Alumni profile: Raquel Schreiber, S.B. '15, MS/MBA '21

Using AI to help regenerate the earth

Image of Harvard SEAS alum Raquel Schreiber, S.B. '15, MS/MBA '21, wearing a black jackket and blue shirt in front an outdoor staircase

Raquel Schreiber, S.B. '15, MS/MBA '21

For Raquel Schreiber, MS/MBA ‘21, engineering is essential to saving the planet. It’s what drove her to work in electric vehicles after getting her undergraduate degree in environmental science and engineering at the Harvard John A. Paulson School of Engineering and Applied Sciences (SEAS) in 2015, where she co-founded the SEAS Vehicle Racing Team.

Raquel was the first graduate of SEAS to work at Tesla, where she developed an expertise accelerating the engineering validation for Tesla’s vehicle batteries and was tapped to lead Tesla’s solar program.

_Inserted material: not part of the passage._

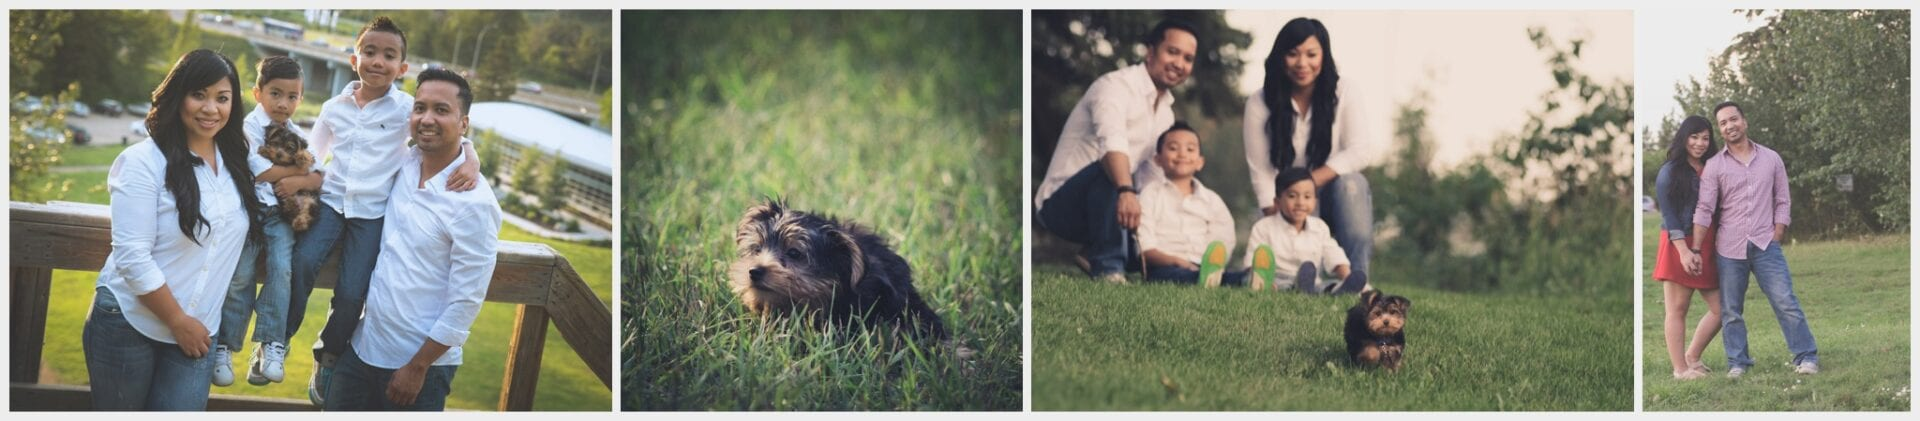 Fox Drive Whitemud Park Edmonton Family Photography Session-_0007

“As someone with an engineering background looking to make change in the private sector, I viewed Tesla as the company doing the most at that moment: creating the conditions for an alternate energy market,” said Schreiber. “That Tesla was creating storage supply chains by deploying batteries in cars was extra fun for me as someone who happens to love cars, but that’s not why I viewed Tesla as impactful.”

After her time at Tesla, Schreiber returned to academia. She was part of the inaugural cohort for the MS/MBA: Engineering Sciences dual degree offered by SEAS and Harvard Business School. While in the program, she was part of several impact and entrepreneurship focused groups, including chairing the HBS Energy & Environment Symposium and MIT Climate & Energy Ventures cohort.

“It was a chance to think about policy, learn how ‘trained’ people run companies, and do my own research on the question that still guides my leadership: whether it’s possible to run urgent, mission-driven companies while caring about both ‘humanity’ and the humans involved,” Schreiber said. “The fact that it was a highly efficient two years for two degrees with a small cohort of really excellent technical people who were also strategic business thinkers was definitely the highlight.”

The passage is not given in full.